MongoDB performs text searches by creating a text index.

For example, A shopping application like Amazon can have a product collection storing all their product. For simplicity, consider a product collection having the following document structure:

{
"name" : "Programming Laptop",
"description" :"8 GB/512 GB SSD/15 inch"
}

Let’s insert multiple products in this collection next.

db.product.insertMany([{
"name" : "Programming Laptops - Dell Laptop",
"description" :"8 GB/512 GB SSD/intel Core i5 8th gen"
},{
"name" : "Programming in C",
"description" :"Programming in C | Third Edition | By Pearson"
},{
"name" : "programmer Laptop",
"description" :"Code|Half Sleeve T Shirt for Men"
},{
"name" : "Laptop",
"description" :"latest laptop"
},{
"name" : "Titan",
"description" :"premium watch"
}])

For searching in this collection, you would need to create a text index as follows:

db.product.createIndex({"name":"text"})

Now to get the search result for any search keyword, you need to run the following query. For example: To search for Laptop:

db.product.find({$text: {$search: "Laptop"}}, {score: {$meta: "textScore"}}).sort({score:{$meta:"textScore"}})

The above query returns the following documents sorted by the document score.

{
"_id" : ObjectId("5f40f2aaa2a276d5a15fac3d"),
"name" : "Programming Laptops - Dell Laptop",
"description" : "8 GB/512 GB SSD/intel Core i5 8th gen",
"score" : 1.125
}
{
"_id" : ObjectId("5f40f2aaa2a276d5a15fac40"),
"name" : "Laptop",
"description" : "latest laptop",
"score" : 1.1
}
{
"_id" : ObjectId("5f40f2aaa2a276d5a15fac3f"),
"name" : "programmer Laptop",
"description" : "Code|Half Sleeve T Shirt for Men",
"score" : 0.75
}

That was the most basic implementation of the search. MongoDB provides a lot of more customizations like:

  • Searching on multiple fields in the document- For example, We only searched against the name of the product. We could have also searched against both name and description fields of the product.
db.product.createIndex({"name":"text","description":"text"}
  • Assigning custom weights for every search field in text index- In the above example, we can assign a higher weightage for name fields compared to the description field.
db.product.createIndex({"name":"text","description":"text"}, {"weights": { name: 3, description:1 }})
  • Searching every String fields using wildcard searches- You can specify wildcard while creating text index. It will allow you to search across all the string fields in the document.
db.product.createIndex({"$**":"text"})
  • Searching exact phrases- You can search for exact phrases in MongoDB using the following command:
db.product.find({$text: {$search: "\"programmer Laptop\""}}, {score: {$meta: "textScore"}}).sort({score:{$meta:"textScore"}}).pretty()
  • Excluding some terms from the search- For example: To search Laptop product excluding “Lenovo” you can run the following query:
db.product.find({$text: {$search: "Laptop -Lenovo"}}, {score: {$meta: "textScore"}}).sort({score:{$meta:"textScore"}}).pretty()
  • Support for multiple languages, case sensitive searches, diacritic sensitive searches, etc.

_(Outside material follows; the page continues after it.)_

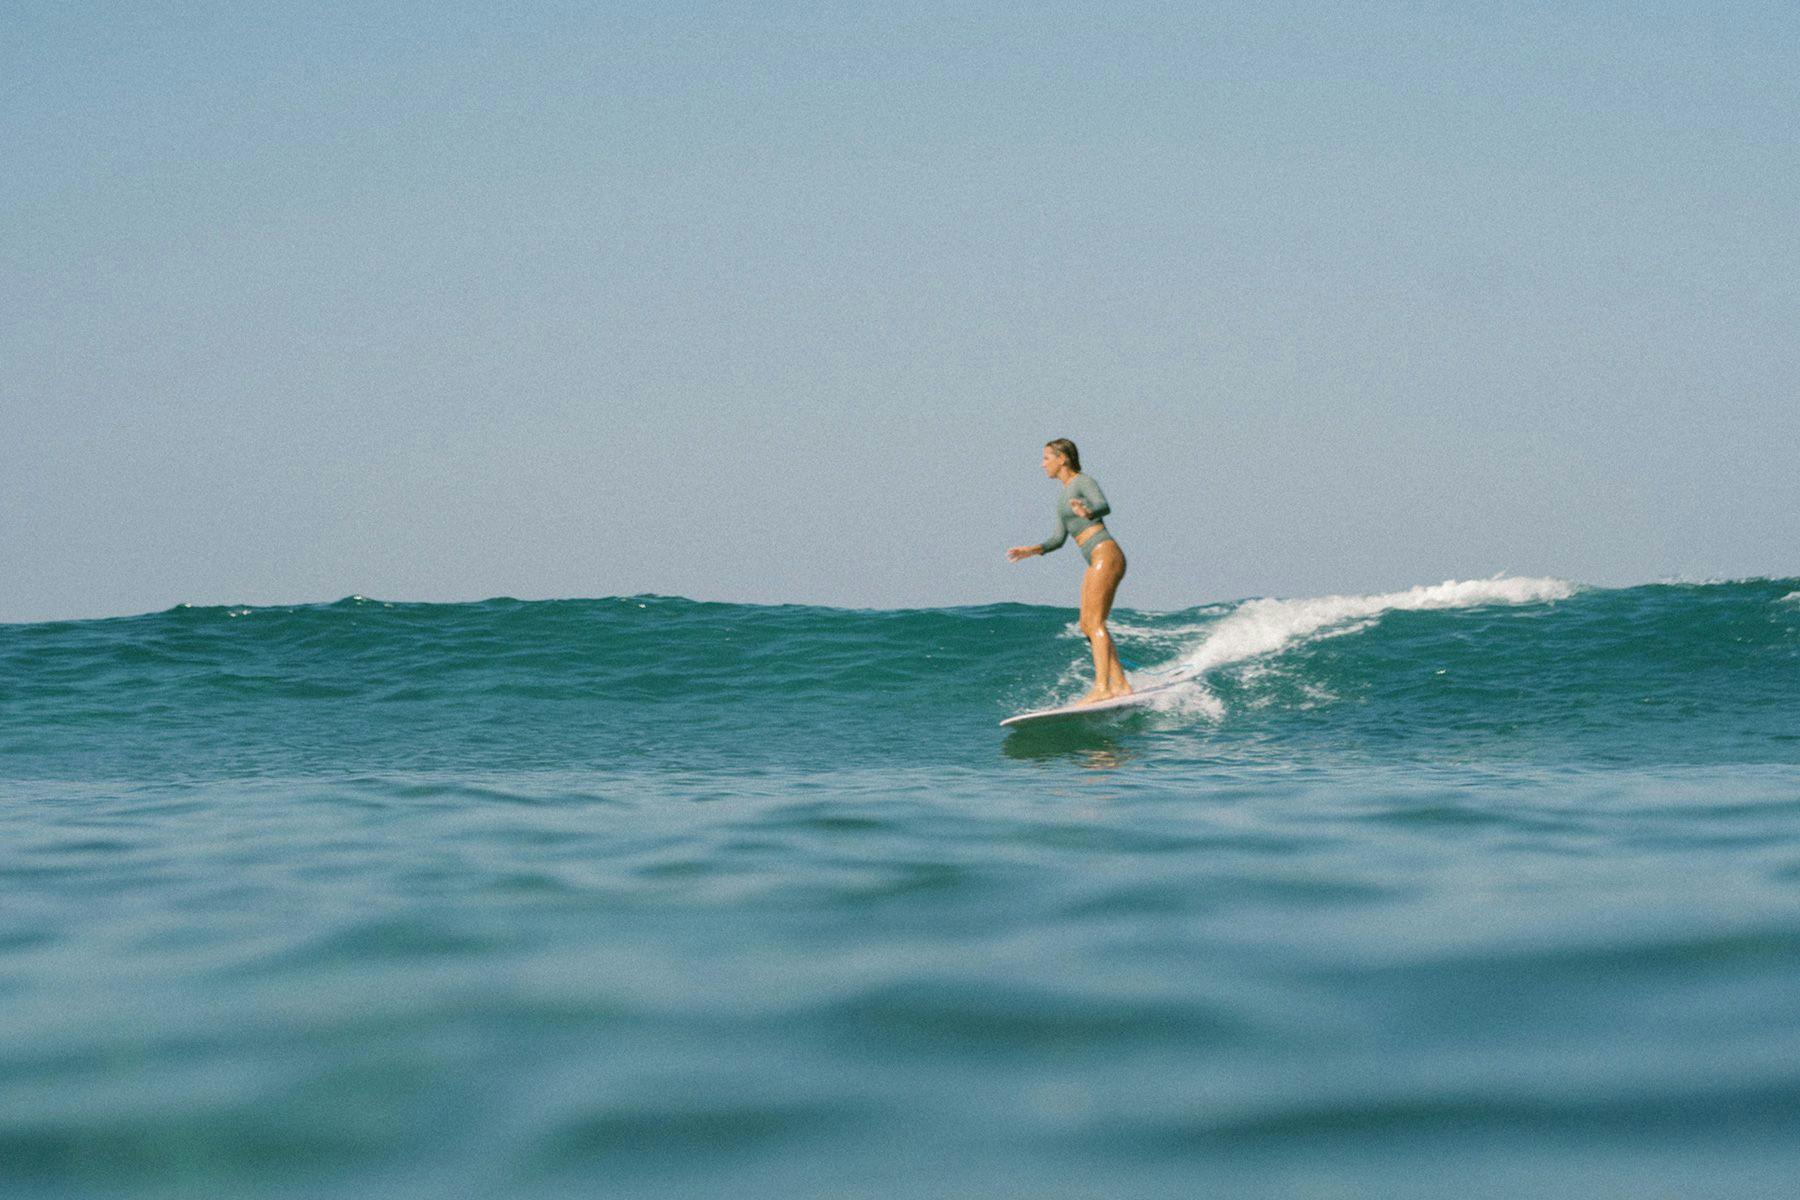 noserider surf club founder emma bukowski surfing in indonesia
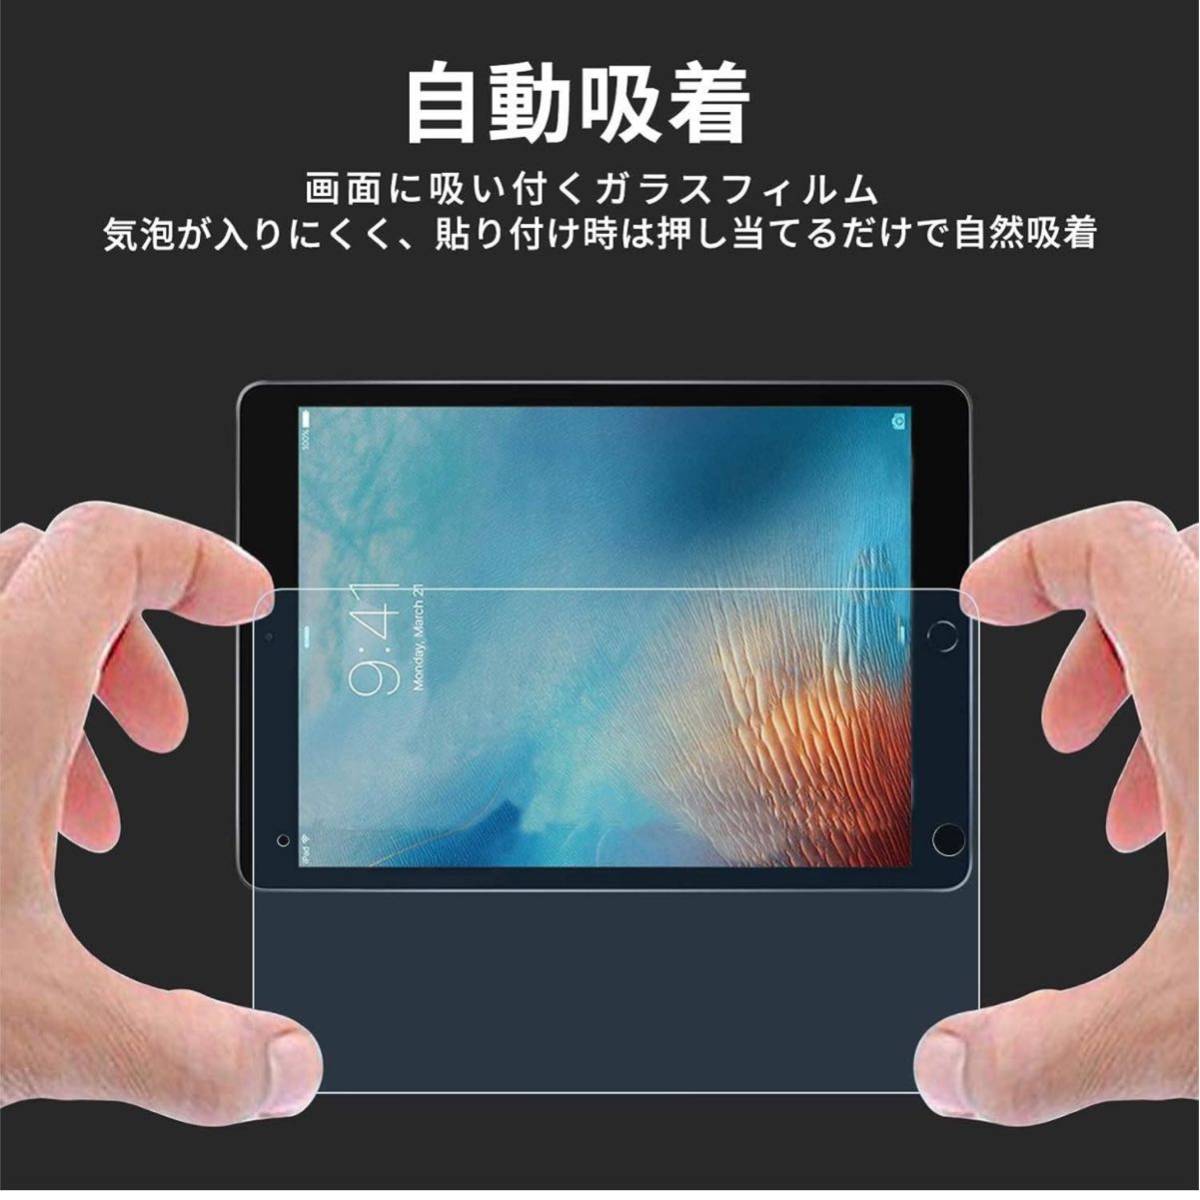 【開封のみ】Holdtech★ 【 ブルーライトカット】iPad 9.7 2018 第6世代/2017 5世代 ガラスフィルム【目の疲れ軽減】iPad 9.7 インチ _画像7

You can get the complete list of supported features here MongoDB Documentation.

When returning the search result, mongo generated a score for every document. The higher the score more is the chances of resemblance to the searched text. Hence it becomes crucial to understand the mathematics behind this score.

For every score calculation, mongo performs a series of following operations (in order) :

  1. Tokenization: Mongo will tokenize the search string using whitespace and most punctuation as delimiters, and perform a logical OR of all such tokens. (List of Delimiters mongo delimiters).Mongo skips tokenization in phrase searches.
  2. Stop Word removal: Mongo will remove the stop words from the documents before calculating scores. (List of English stop words)​.
  3. Stemming: Next, mongo will reduce every word of the text index document to the root word.
  4. Score calculation: Finally, mongo will compute the matching score of the document against the searched text.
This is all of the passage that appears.